Origin: Dominican Republic

Wrapper: Ecuadorian Connecticut
Binder: USA Connecticut Broadleaf
Filler: Nicaraguan Habano Estelí; Dominican Piloto
Body: Mild

Rating (out of 10): 9.5

The Norseman sets itself apart from its brethren (the Viking and the Nordic Warrior) with its shaggy foot, a half-inch or so of binder and filler that extend past the wrapper, which itself is rugged and hide-like, just slightly knobby, with no visible veins or seams. There is the faintest hint of oil detected by the fingers.

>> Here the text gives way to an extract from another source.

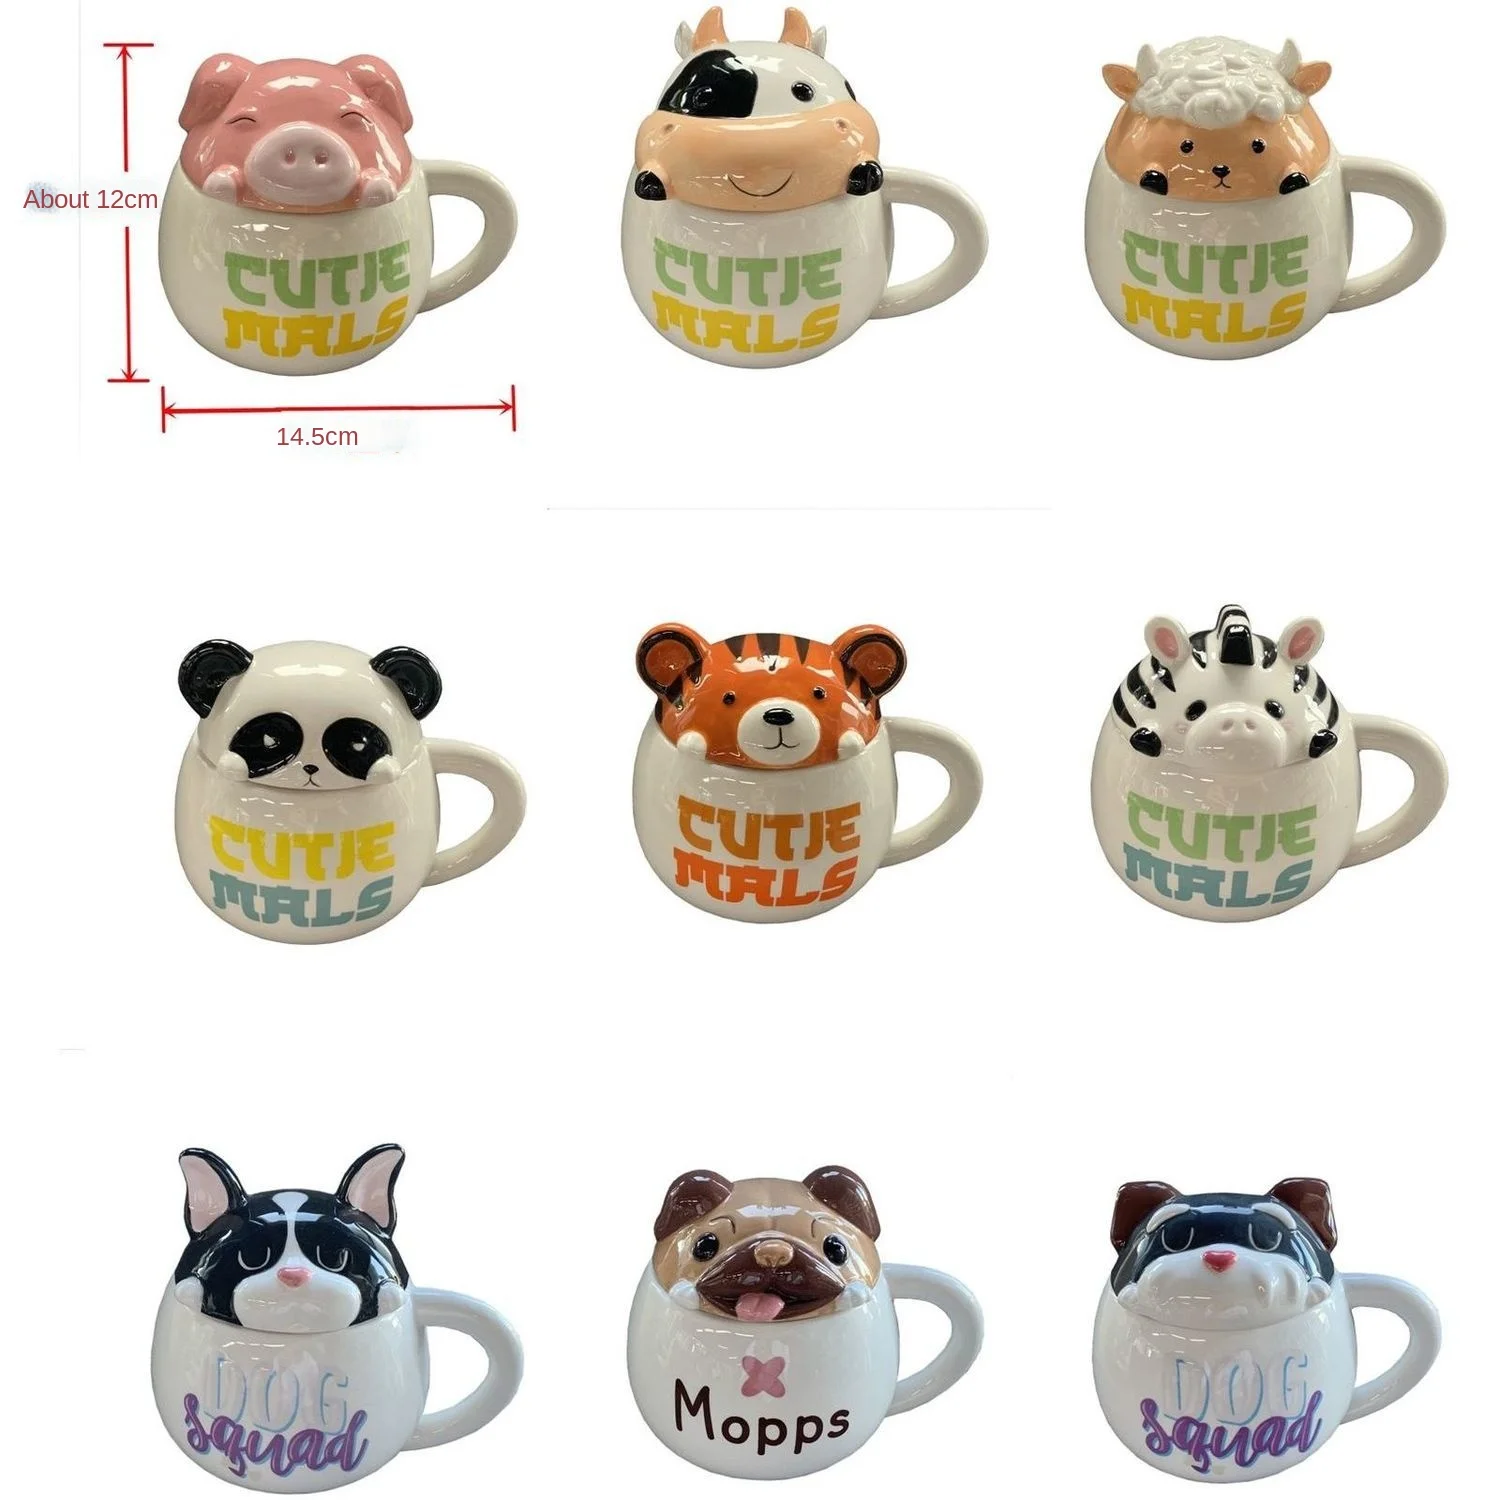 Creative Animal Shape Cup Cow Exquisite Handle Cup Sheep Dog Pig Cup Ceramic Coffee Cup with Lid Water Cup 400ml Birthday Gift

The metal band (I would consider the bands one of the real staples of the Viking brand. I have not thrown a single one out; getting to take a little bit of shiny metal makes each smoking experience somewhat akin to a small raid, and there's always something to bring back) features a vertical, point-down sword, bisecting a symmetric pair of bearded warrior heads flanked by a round Viking war shield on either side.

The construction is absolutely flawless, as I have come to expect from Viking Cigars. It is neatly capped, and cuts absolutely perfectly, despite an accidental slip of my hand. Not sure whether to attribute that to the cigar, or to my handy-dandy Xikar XO.

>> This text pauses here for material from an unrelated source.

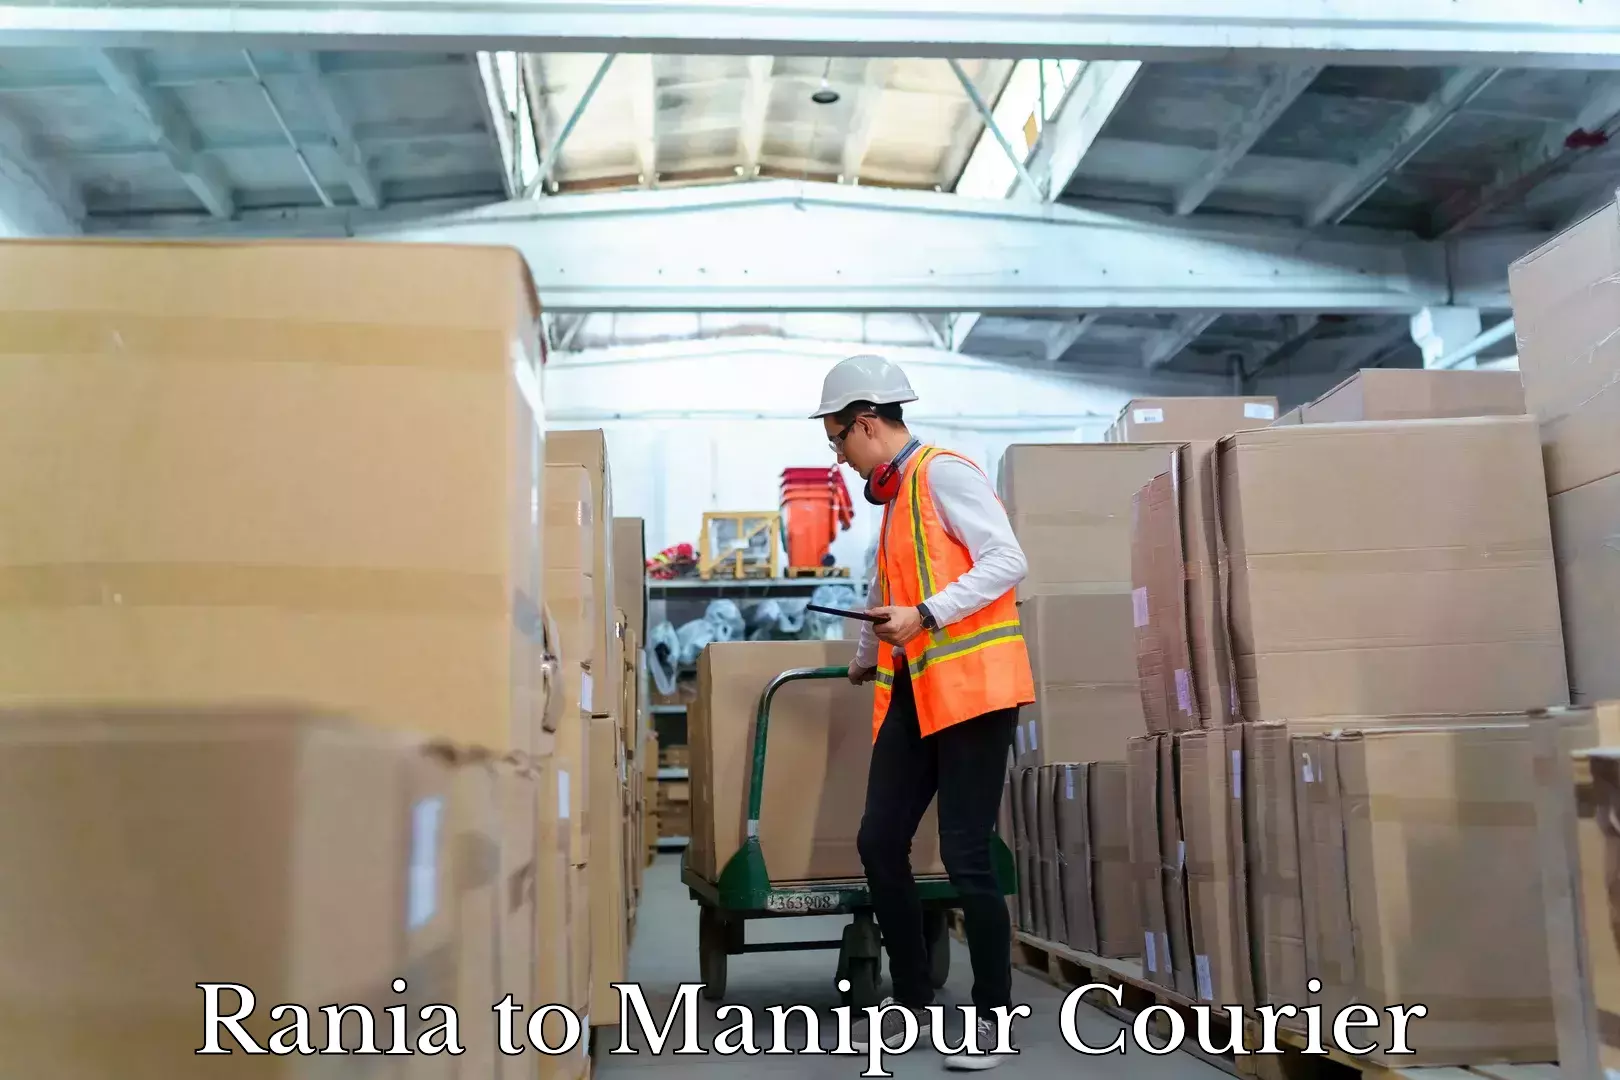 Efficient order fulfillment Rania to Manipur

The aroma from the barrel is very faint, but I'd attribute the scent to cedar and peanuts; the shaggy foor is rich with cocoa.

First Third:
The cold draw is nice and open, and tastes of chocolate with a hint of coffee. After lighting, the flavor is predominantly chocolatey, with a soft undertone of caramel, and a bit of salt on the finish.

I'm also getting a healthy dose of coffee coming through.

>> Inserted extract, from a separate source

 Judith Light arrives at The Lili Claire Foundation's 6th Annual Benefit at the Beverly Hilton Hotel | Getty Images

The coffee flavor picks up quite a bit once we burn past the shaggy foot and get to the wrapper. Some nice cedar on the retrohale, too.

A faint hint of peanut hiding in there somewhere.

The ash is a slightly mottled grey in color, and pretty firm, behind a nice, mostly-even burn line.

Nice bit of complexity to this one so far, with the flavors rolling through one another smoothly, in a nice, mild-bodied and silky smoke.

Second Third:
Getting some sweet tobacco notes in the second third, leaving a sweet, syrupy sensation inside the mouth after the exhale.

Burning just a little bit faster than I'd anticipated. But the burn is remaining even, not getting out of control.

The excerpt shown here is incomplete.